Sea sponge inspired solar cells described in New Scientist, 24 March 2007, p32. Some sea sponges are covered with fine spikes of silica, which they make by converting silicic acid from sea water, using an enzyme named silicatein to catalyse the reaction.
Spikey structures like these could help make photovoltaic cells (solar panels) more efficient, but making them involves an expensive, high energy process conducted at high temperatures and low pressures. The sponge makes them at low temperatures and near neutral pH – much easier conditions to work with.

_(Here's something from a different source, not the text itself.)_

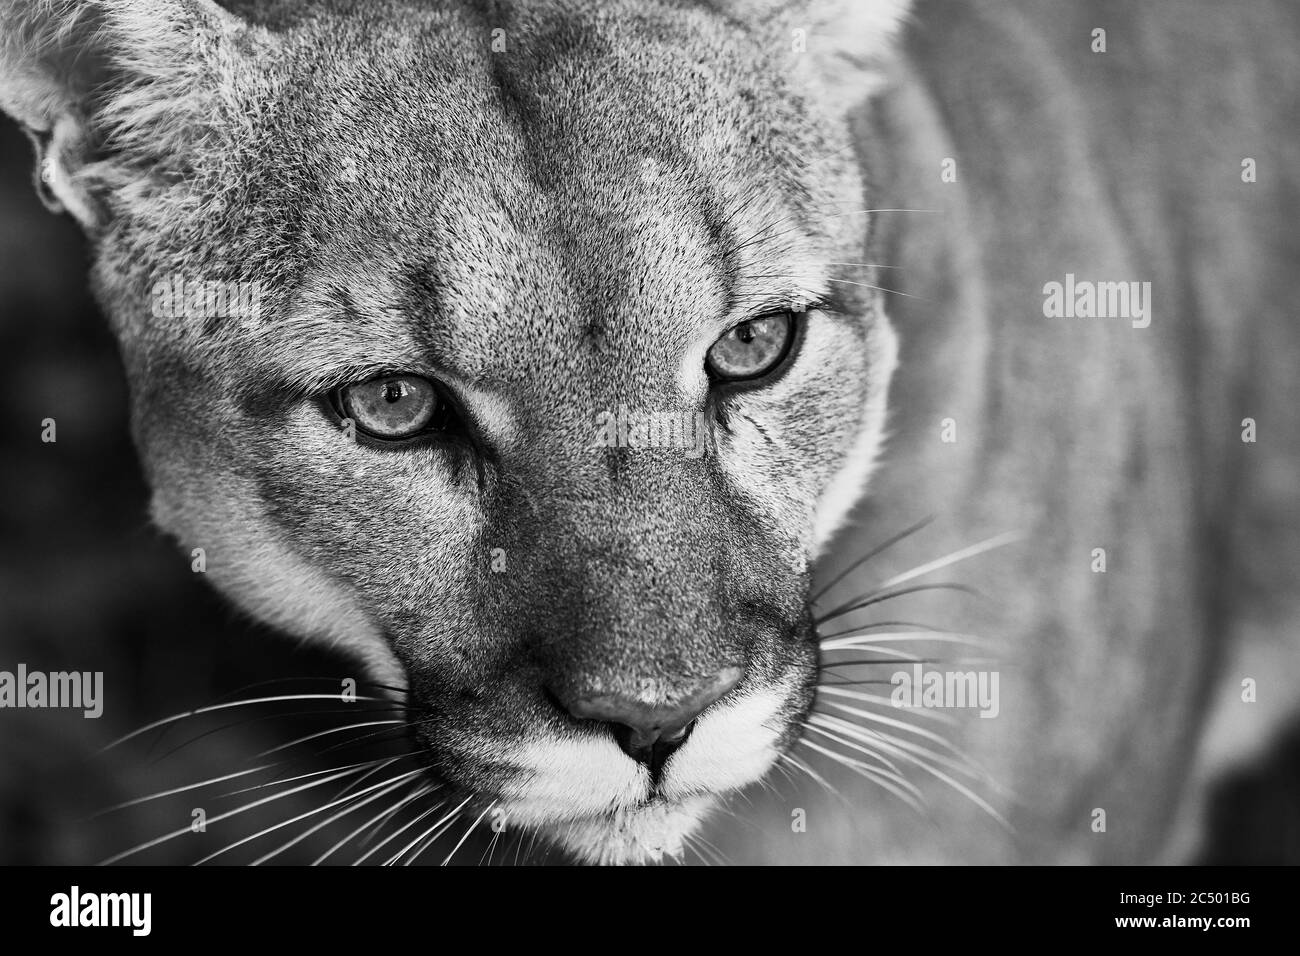 Portrait de la belle Puma. Cougar, lion de montagne, puma, panthère, pose  frappante, scène dans les bois, faune Amérique Photo Stock - Alamy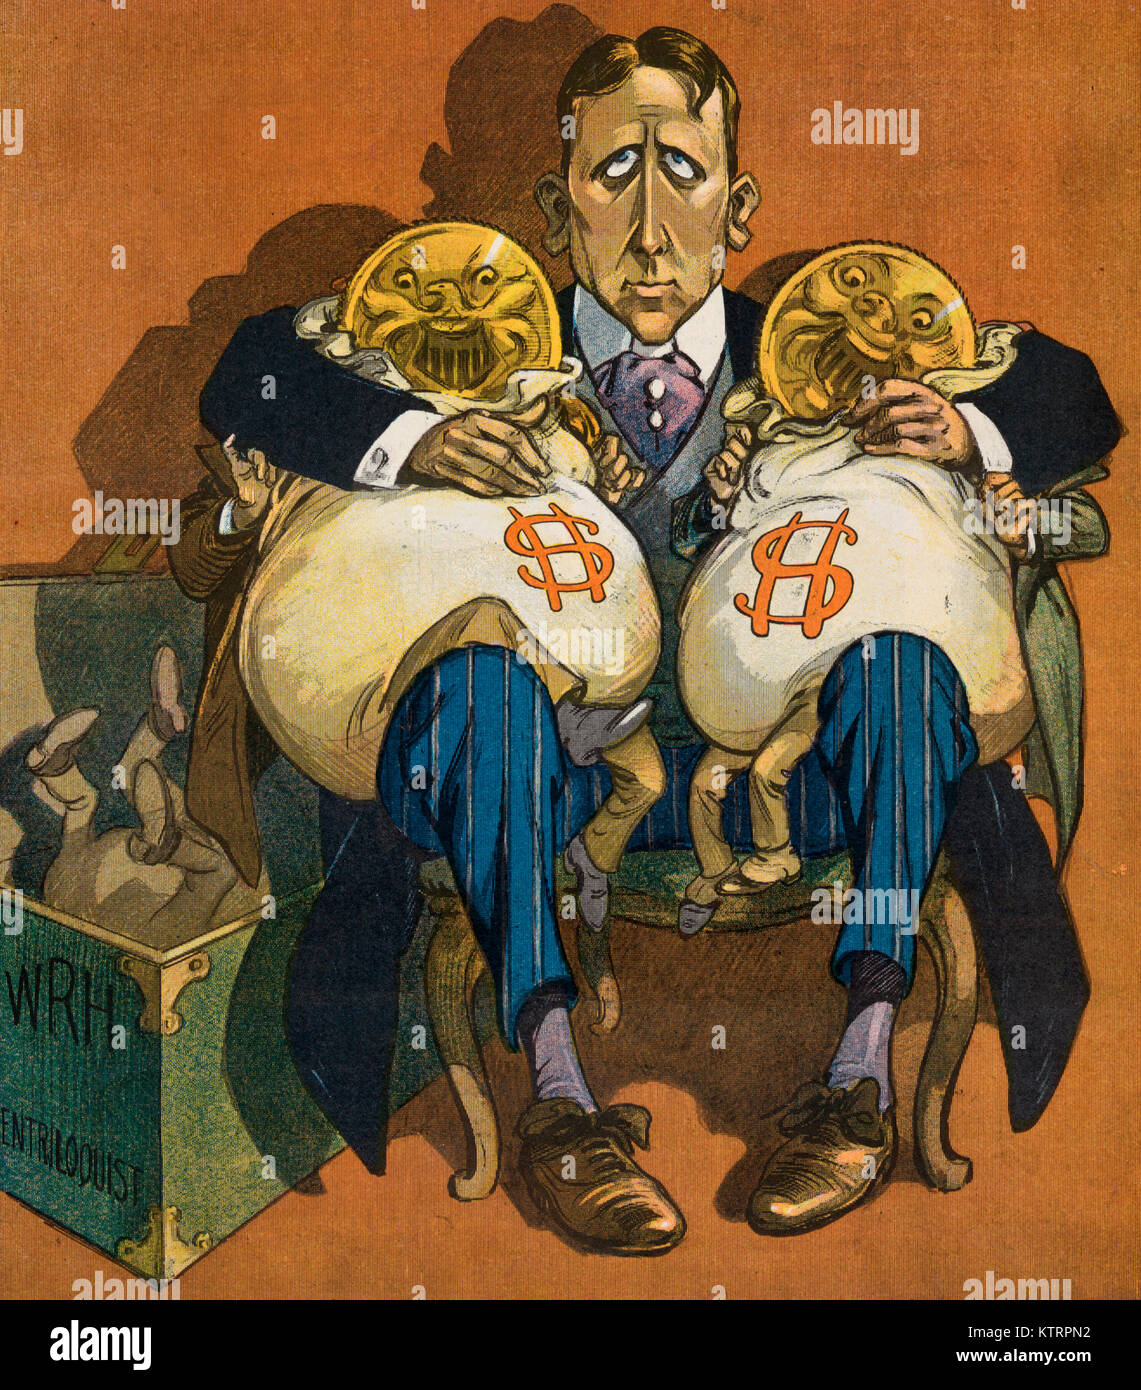 L'argent parle - Illustration montre William Randolph Hearst assis avec deux gros sacs d'argent, animé, en appui sur ses genoux, les bras et les jambes, et montrant deux grandes pièces que chefs ; à l'étage à côté de Hearst est une zone "WRH ventriloque". Caricature politique, 1906 Banque D'Images

Researchers at the University of California Santa Barbara have studied the golden puffball sponge, which makes silica spikes, and have developed an analogous process that makes crystalline layers of zinc oxide, using ammonia to catalyse the conversion of zinc nitrate to zinc oxide. The researchers have been able to use the crystals to make some simple solar cells.
One of the researchers, Birgit Schwenzer, commented: “There are still problems but the process seems to be working at really low temperatures and producing devices at really low cost.”
Editorial Comment: While intelligent, creative chemical engineers continue to apply their minds to solving the problems with the process they invented, the sponge, which has no brain, will continue to make silica spikes without any problems. Therefore, there is no excuse for refusing to believe the sponge, and the enzyme that catalyses the silicic acid reaction, were designed and created by a far more intelligent chemist.